The Apple iPad Pro Reviewby Ryan Smith, Joshua Ho & Brandon Chester on January 22, 2016 8:10 AM EST
System Performance Cont'd
Continuing on with our more game-like benchmarks, tests like 3DMark and GFXBench are supposed to replicate gaming workloads to help determine relative performance in most common 3D games. In the case of the iPad Pro, the GPU is a 12 cluster variant of the PowerVR Series7XT GPU architecture. This is double the number of clusters relative to the A9’s GPU, which should prove to be quite impressive judging by the GPU performance that we saw in the iPhone 6s.
The iPad Pro manages to maintain superiority in 3DMark, but we're really starting to see the limitations of this test. The physics test generates non-sequential data structures with memory dependencies, which can penalize devices with lower core count and clock speed, but the workload is able to be spread across multiple cores to exploit TLP, which benefits devices with more real cores, or virtual ones (hyperthreading). We also see that the graphics test isn't really scaling well at this point as it's just too light to take advantage of the full potential of the A9X GPU. This likely also explains why the iPad Pro isn't closer to the Surface Pro 4 in performance on this benchmark, given what we know about A9X's GPU.
In GFXBench we can see the major benefits that really come with the larger GPU. It's pretty obvious here that clock speeds are basically identical when comparing the A9 GPU and A9X GPU as the scaling is almost perfectly double. In this benchmark the iPad Pro quite handily beats the Surface Pro 4, but it's important to keep in mind that the Surface Pro 4 is running a higher level of precision and that the iPad Pro is running OpenGL ES rather than OpenGL in this test, so it isn't strictly apples-to-apples (nor is such a thing truly possible at this time).

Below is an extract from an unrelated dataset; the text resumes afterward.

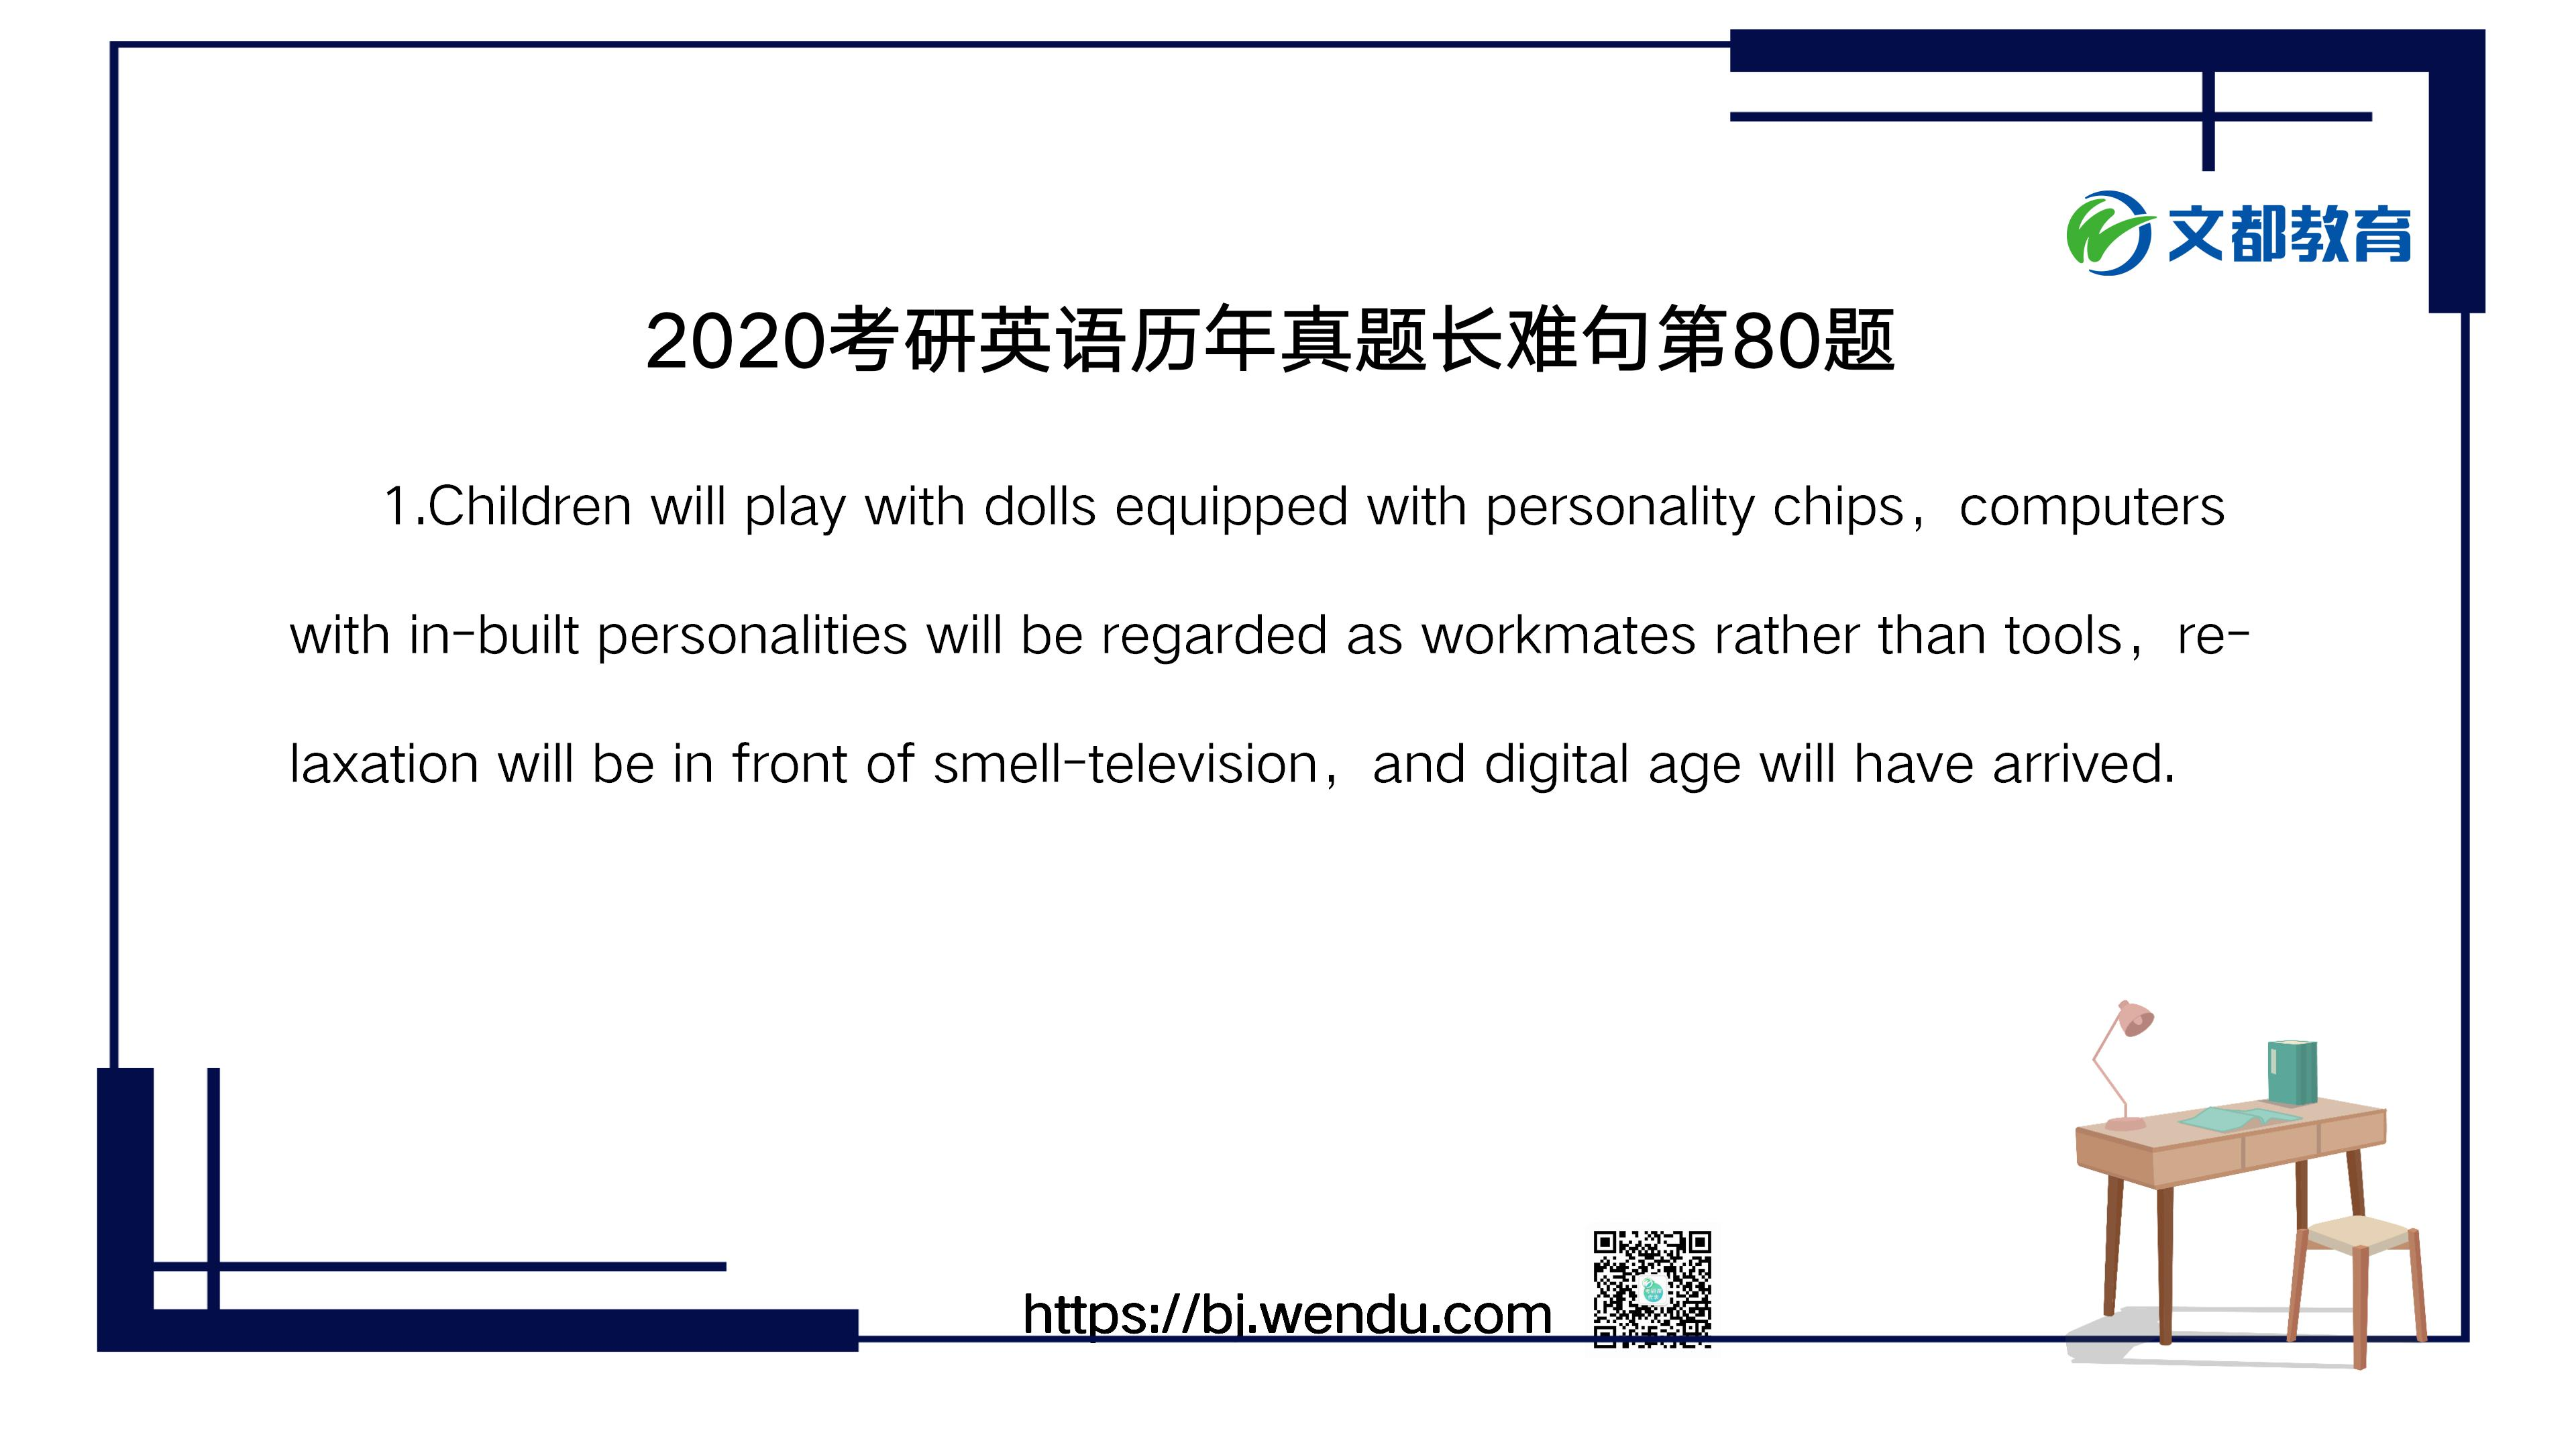 2020考研英语历年真题长难句第80题

Overall though the GPU of the iPad Pro is incredibly impressive, and I doubt that anyone will really have issues with gaming performance on this device.

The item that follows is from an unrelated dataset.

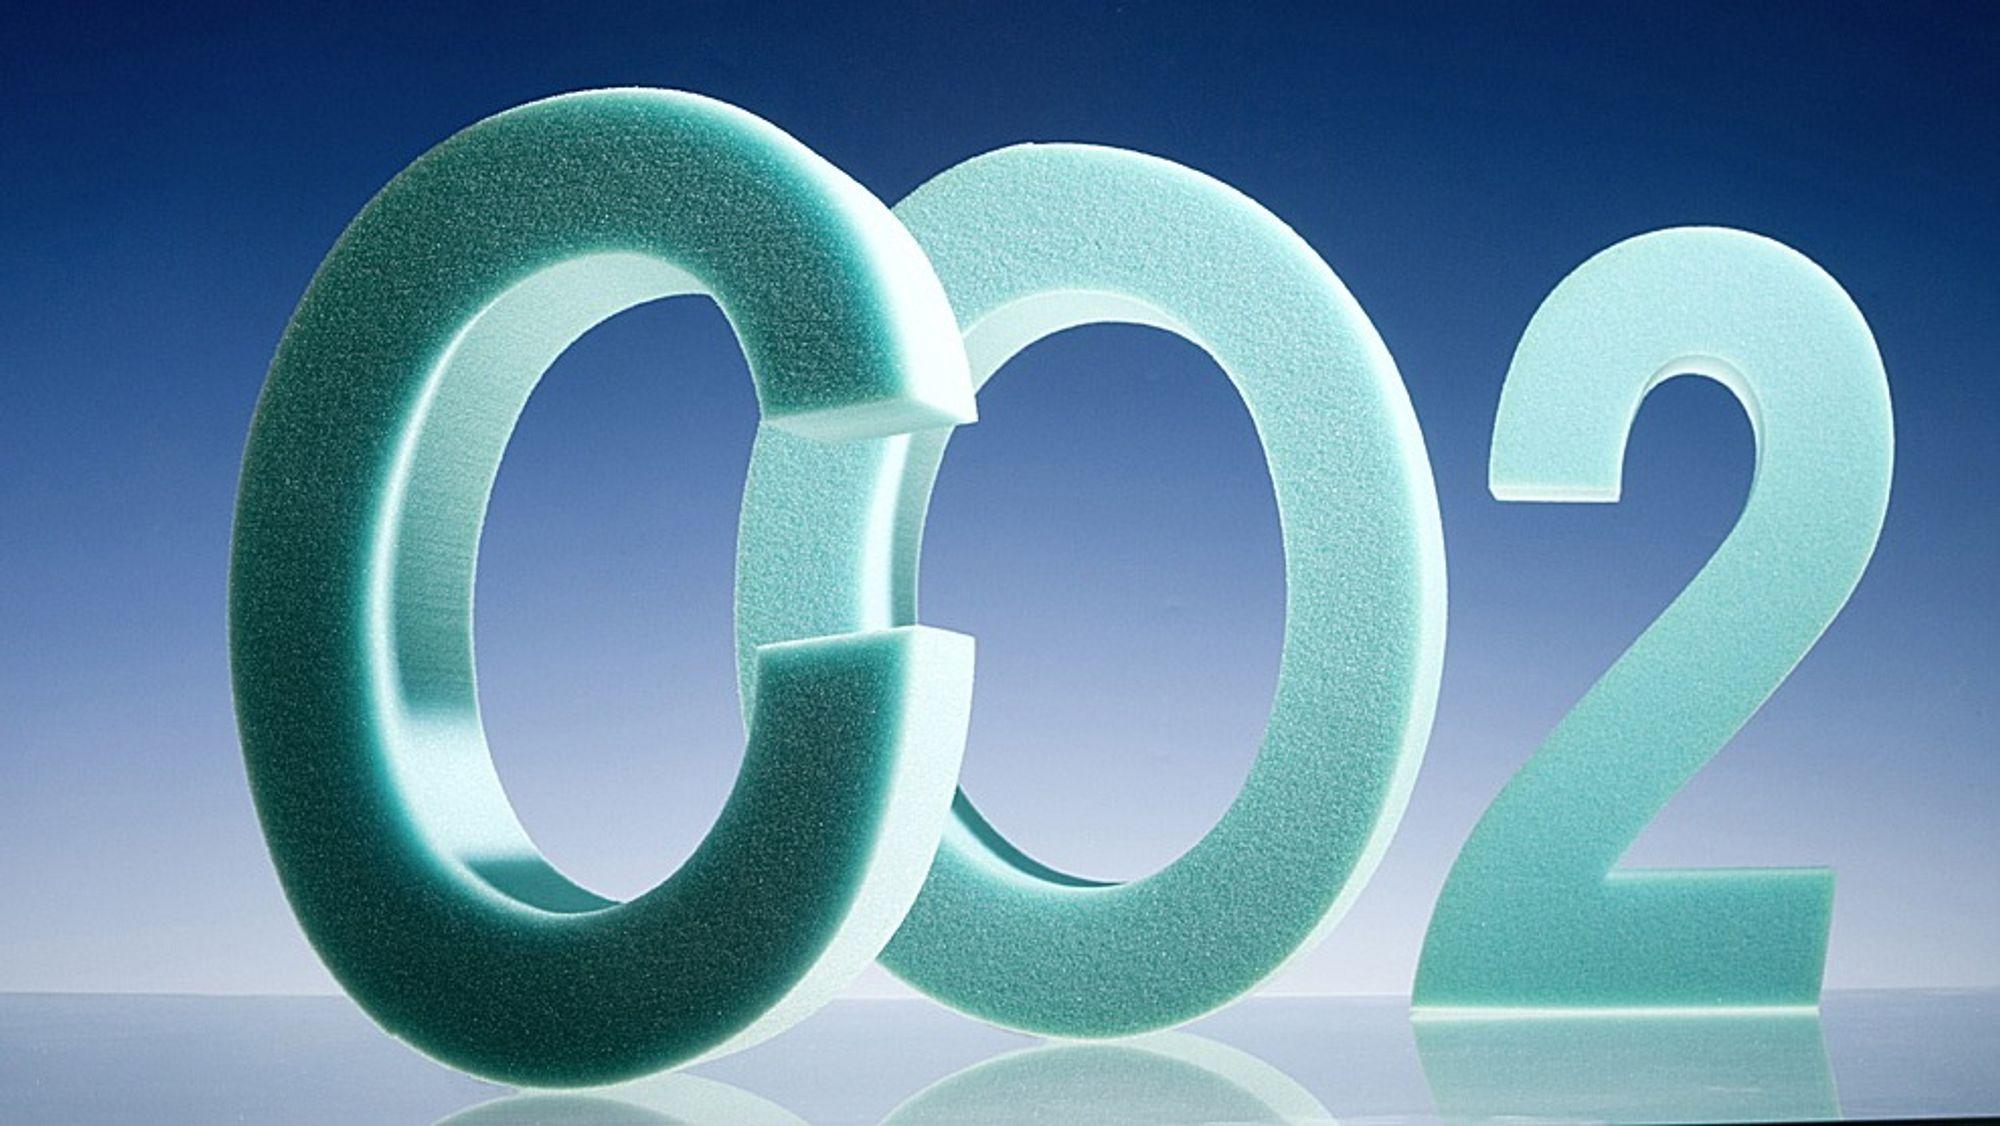 Det tyske selskapet Bayer har gjennomført en vellykket testfase og satser nå på kommersiell produksjon av polyuretanskum med CO2 som råstoff.

At this point it’s pretty well understood that storage performance can often be a gating factor in performance. Although caching is an amazingly effective method of hiding memory latency, for the first hit it’s mandatory to miss the cache unless you’ve managed to prefetch the data in question. The other issue where storage performance becomes obvious are cases where it’s necessary to commit data to storage first. Some cases where this is going to be obvious is app installation or iCloud restores, especially when network performance is at the point where installation can actually be gated by writing to disk rather than downloading from the network.
In the case of the iPad Pro, Apple claims that they’ve implemented a storage controller comparable to some desktop SSDs. It turns out that this controller is a familiar one, as the storage controller identifies itself as the APPLE SSD AP0128K in the case of this review unit. It turns out that everything about this SSD is identical to what we saw in the iPhone 6s as well, down the use of Hynix for at least one of the NAND vendors and the hybrid SLC/TLC architecture discussed in previous articles. In order to test how this storage solution performs we once again use Eric Patno’s StorageBench, which provides a rough analogue to AndroBench 3.6.
It turns out that in this test, performance is basically identical to the iPhone 6s. This isn’t quite the equal of something like the Surface Pro 4’s PM951 SSD, which has the advantage of more NAND dies working in parallel, but given that the iPad Pro PCB size isn’t going to be anywhere near that of the Surface Pro 4 it’s likely that this is a concession to gain better battery life. I definitely wonder what performance would be like relative to a Surface Pro 4 if the iPad Pro had a 512GB SKU, but given that the iPad Pro tops out at 128GB this isn’t really a question with a relevant answer.